The Falls Church, Va.-based company then tests and evaluates the results, a strategy that has paid off in helping Capital One grab market share from bigger credit card issuers, says Mercer Vice President Nick Winter. While many firms gather data, most don't take time to study the results in detail and make cross-comparisons, he says.
By contrast, Citibank in New York uses traditional "push" segmentation (separating customers by demographic criteria, such as high income), while MBNA Corp. in Wilmington, Del., uses affinity segmentation (segmenting by common interest groups like professional associations and sports teams), a Mercer case study notes. NextCard Inc. in San Francisco uses self-segmentation, allowing customers to configure their own credit cards' terms.
'Data Nazis'
One of the challenges organizations face in fine-tuning marketing campaigns is that the relationship between a company's IT staffers, who mine the raw data, and the marketing folks, who need it to make informed decisions, is often contentious, experts say.
In some instances where there's a particularly deep rift between these two groups, IT staffers are even regarded by their business counterparts as "data Nazis," says Riley.
"Business unit [staffers] say IT tries to control the process in a way that is unproductive," says Riley. "Instead of 'thou shalt do,' business units want IT to provide a set of standards and analytic tools as a foundation to rely on."

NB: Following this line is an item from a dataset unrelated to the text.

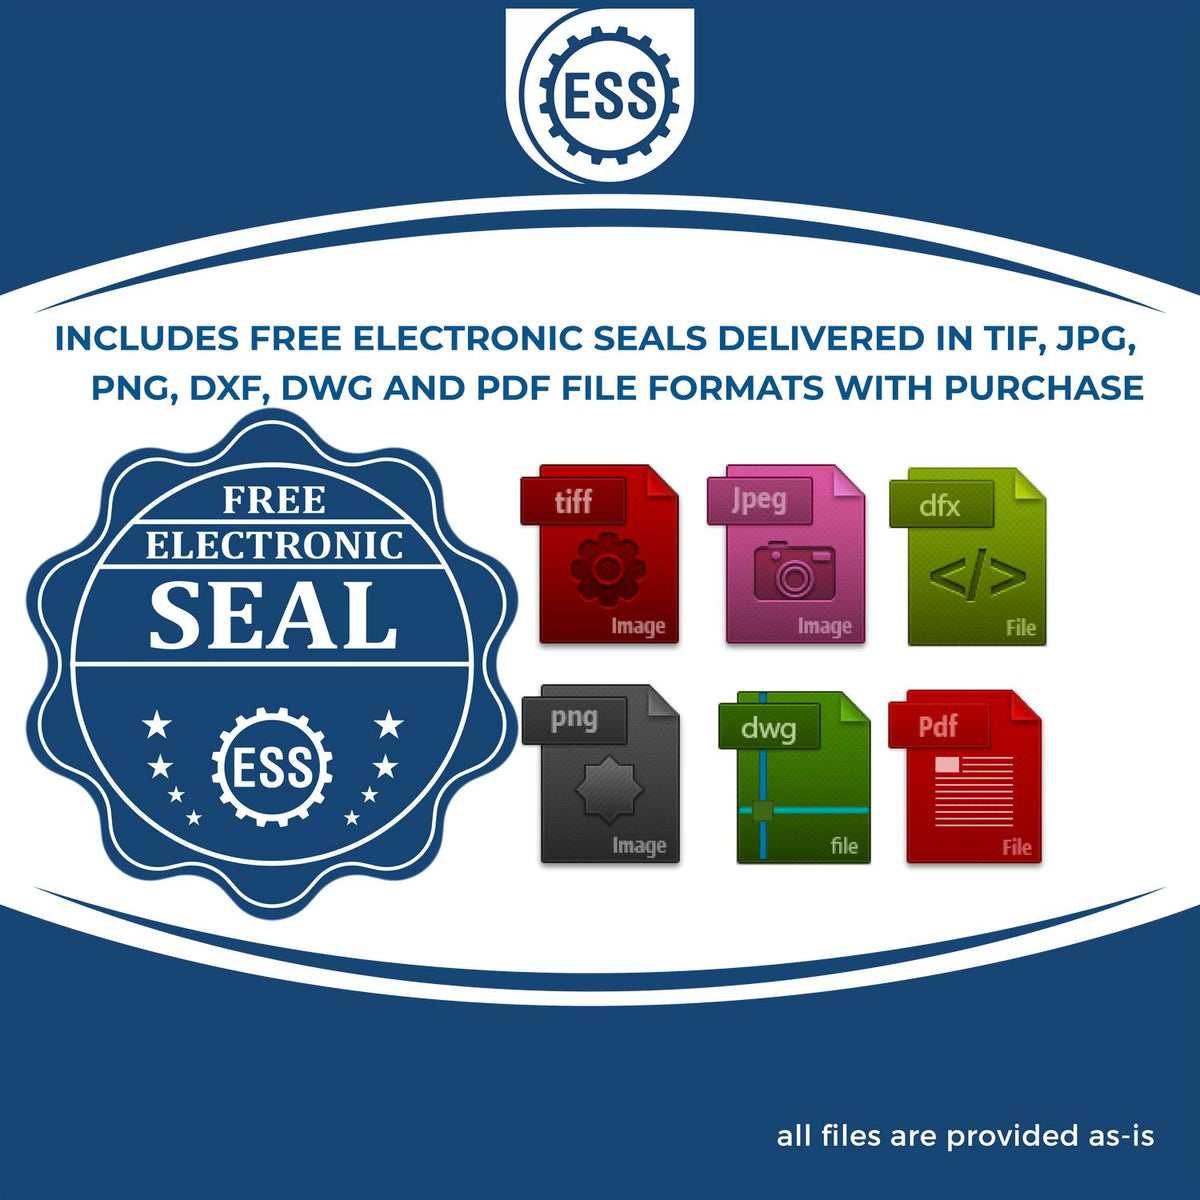 An infographic for the free electronic seal for the Handheld Massachusetts Land Surveyor Seal illustrating the different file type icons such as DXF, DWG, TIF, JPG and PNG.

Tom Connellan, a partner at Performance Research Associates Inc., an Orlando-based marketing consultant and co-author of e-Service: 24 Ways to Keep Your Customers When the Competition Is a Click Away (Amacom Books, 2001), says, "The key role for IT staff is looking all the way down the value stream to see who the end customer is out there and how can I work with my internal partners to create value for that customer at the end of the value stream? For some, this is a real mind-shift, because IT is technology-centric, not customer-centric."